Current backup issues
GitLab backups were configured in T274463. After some tweaks they work reliably now. However during the implementation it was clear that we will reach scaling limits with the current solution. With more adoption and usage of GitLab, the key problems are:
- backups take quite a lot of space ("more" in comparison to Gerrit)
- backups need even more space during creation
- backup creation takes quite a lot of time
- backups are done every 24h
So long-term plan is needed how we want to do backups for GitLab. This design should include how the backups are created, backup frequency, storage location, rotation and if possible also monitoring of backups. Furthermore we need some estimates regarding disk usage and backup and restore times for future backup sizes.
Potential solutions
Some ideas discussed in T274463 and other tasks which could influence the design:
- order hosts with bigger disks/get a second pair of disks (and tweak disk layout)

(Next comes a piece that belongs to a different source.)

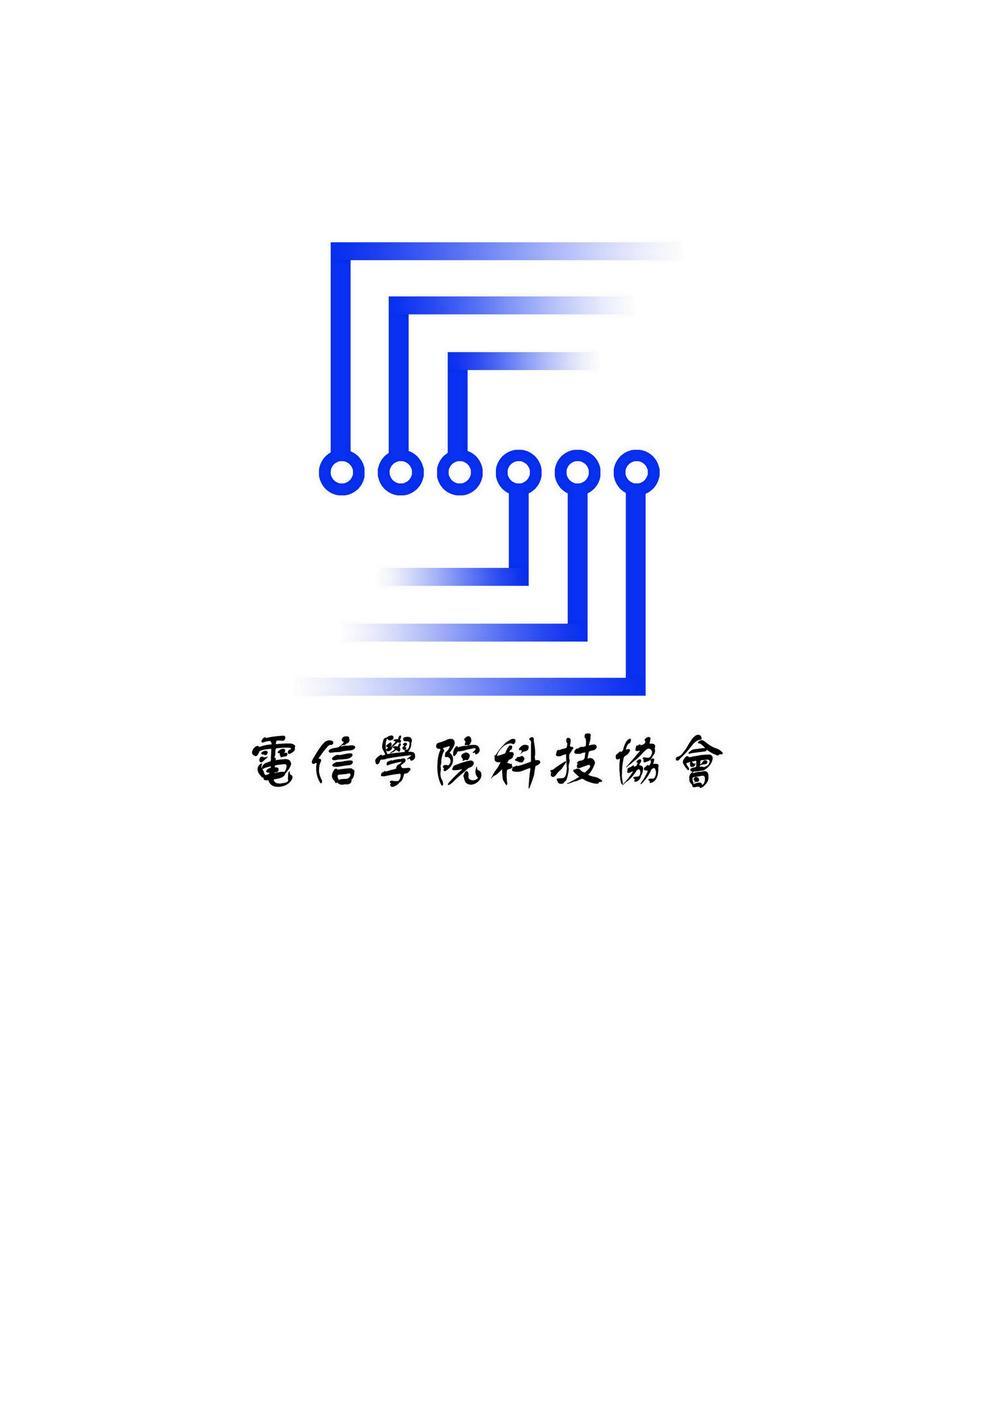 创意:整个图像为电路板上电路的图形,体现了科技协会以电子电工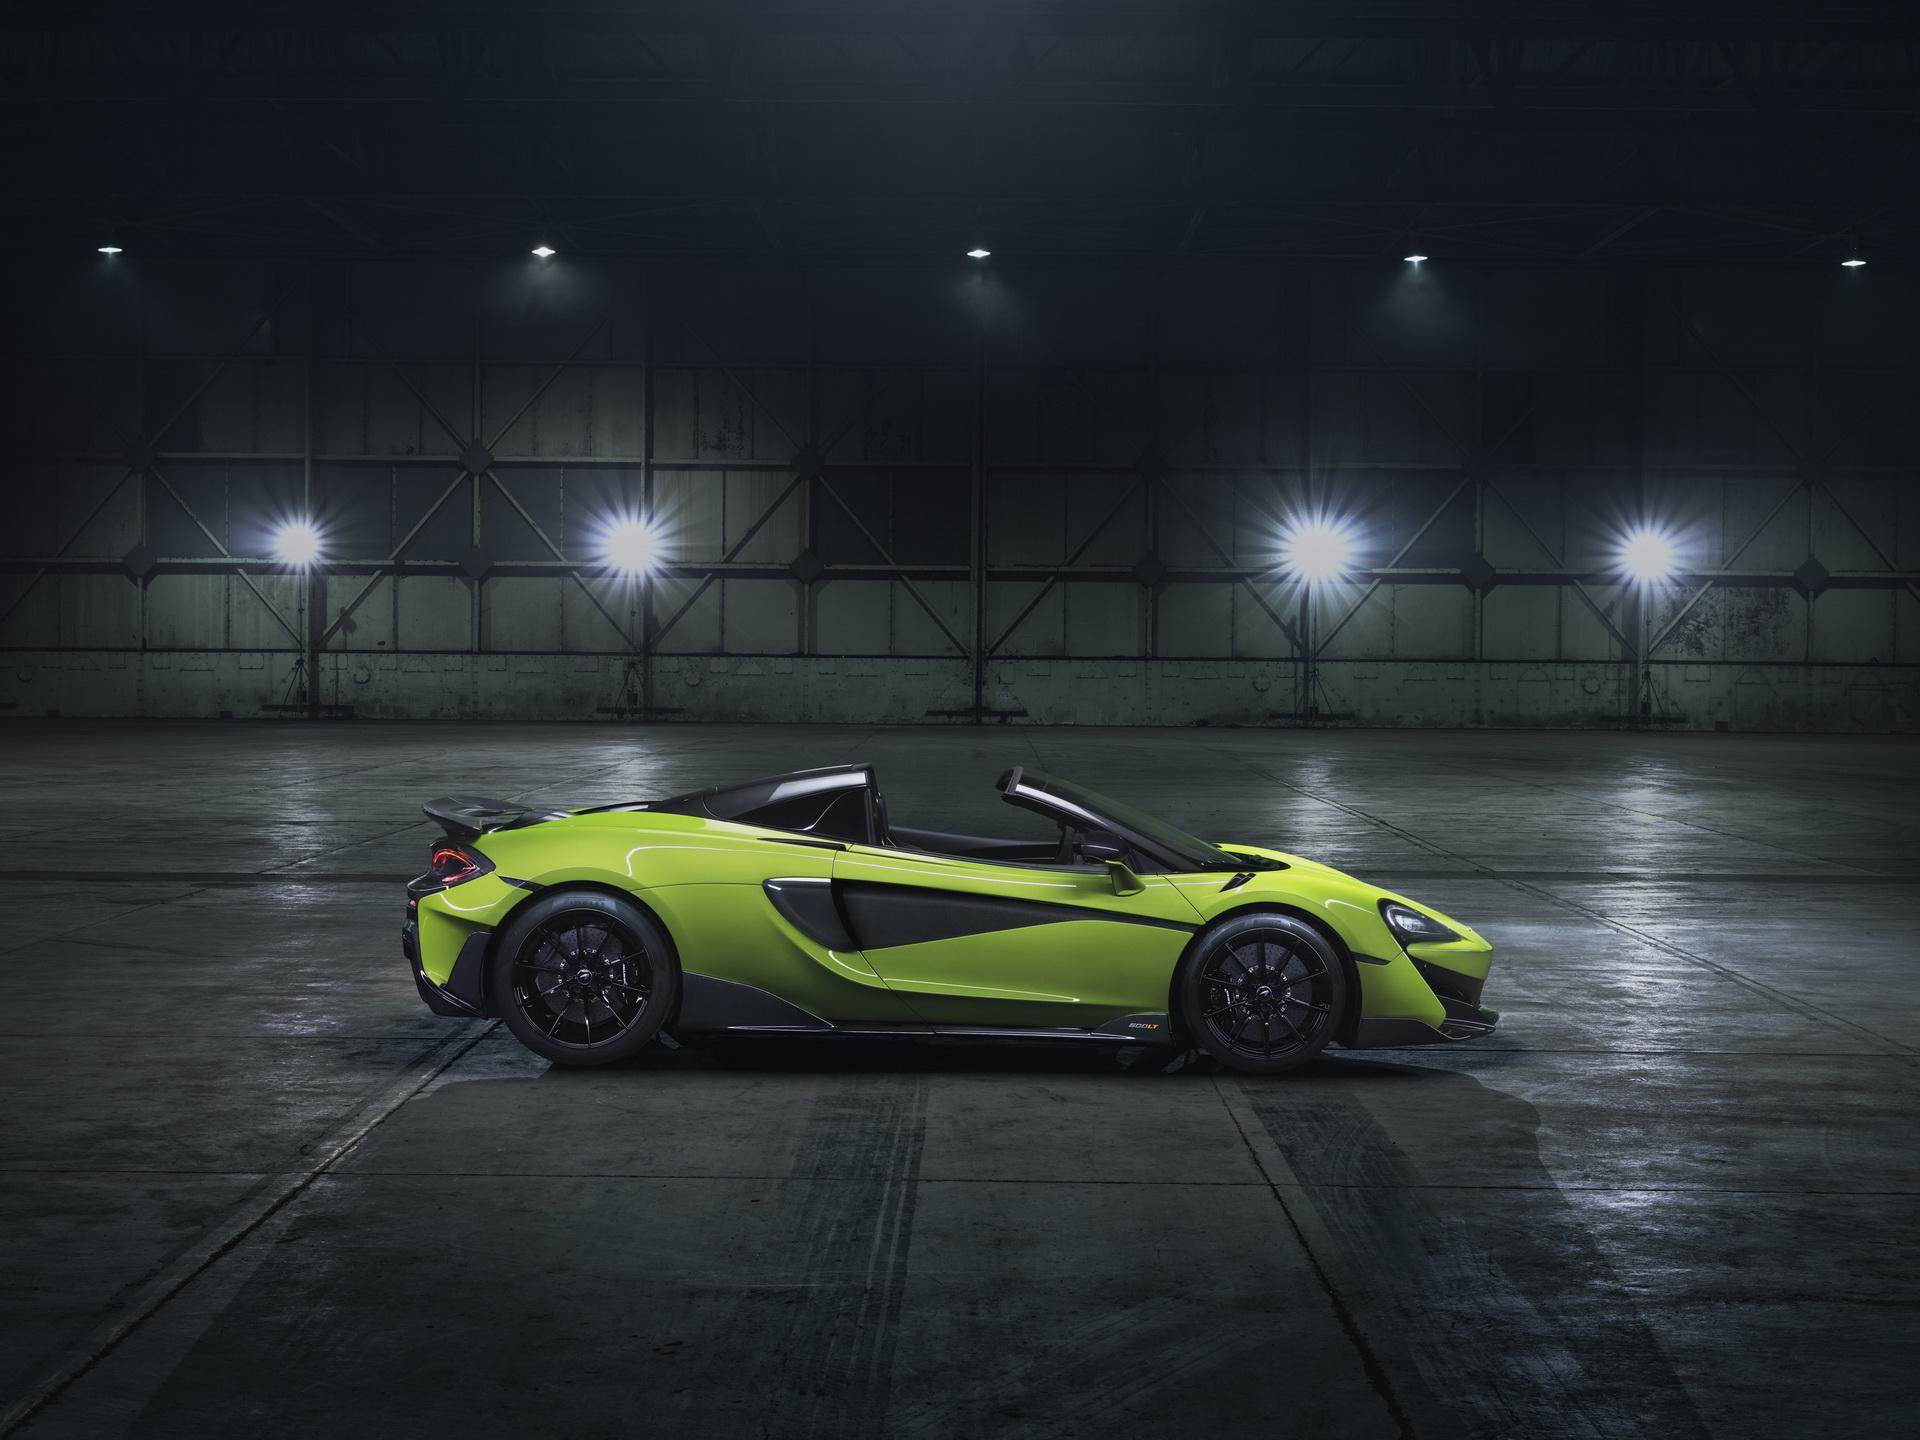 mclaren-600lt9ddfd5f9-mclaren-600lt-spider-unveiled-3.jpg

- Setup partial/incremental backups for GitLab T316935 / T324506
use alternative backup strategies for example bacula, rsync, pgbouncer/dump- Introduce a lot of complexity and are not officially supported by GitLabuse alternative backup storage locations like a dedicated s3 bucket/minio/cloud or a locally mounted share- Doesn't solve the problem of local disk space needed to create the backup files
Final backup design
Some experimentation and discussion happened to evaluate the different options. See T330172#8657895 and related changes. We agreed to add additional disks to the GitLab hosts to mitigate the disk space issue (for creation and storage of a single backup).
Backup storage
Two additional 1.7TB disks were added to all GitLab hosts (except gitlab2002, which will be done after switchover). This disks are configured as RAID1 and mounted at the default GitLab backup location /srv/gitlab-backup.
The additional disk space gives us plenty of room for future growth and migration to GitLab. Furthermore the root partition also has more space now. According to estimates in T330172#8657895 the space should last for at least two more years.
Filesystem Size Used Avail Use% Mounted on /dev/mapper/gitlab1004--vg-root 813G 79G 693G 11% / /dev/md1 1.8T 65G 1.6T 4% /srv/gitlab-backup
Backup frequency
Additional disks don't solve the issue of backup duration and frequency. The plan here is to implement incremental backups (T324506)/partial backups (T316935). This backups will contain repository data and database changes but no CI artifacts (builds, packages). The latter make up most of the space and backup runtime.
We already have a partial backup in the backup script(T316935). Furthermore some research is happening in T324506 around incremental backups. So this efforts should be consolidated. The goal is to to keep doing full backups every 24 hours but with incremental backups in between (maybe every 4 hours in the beginning).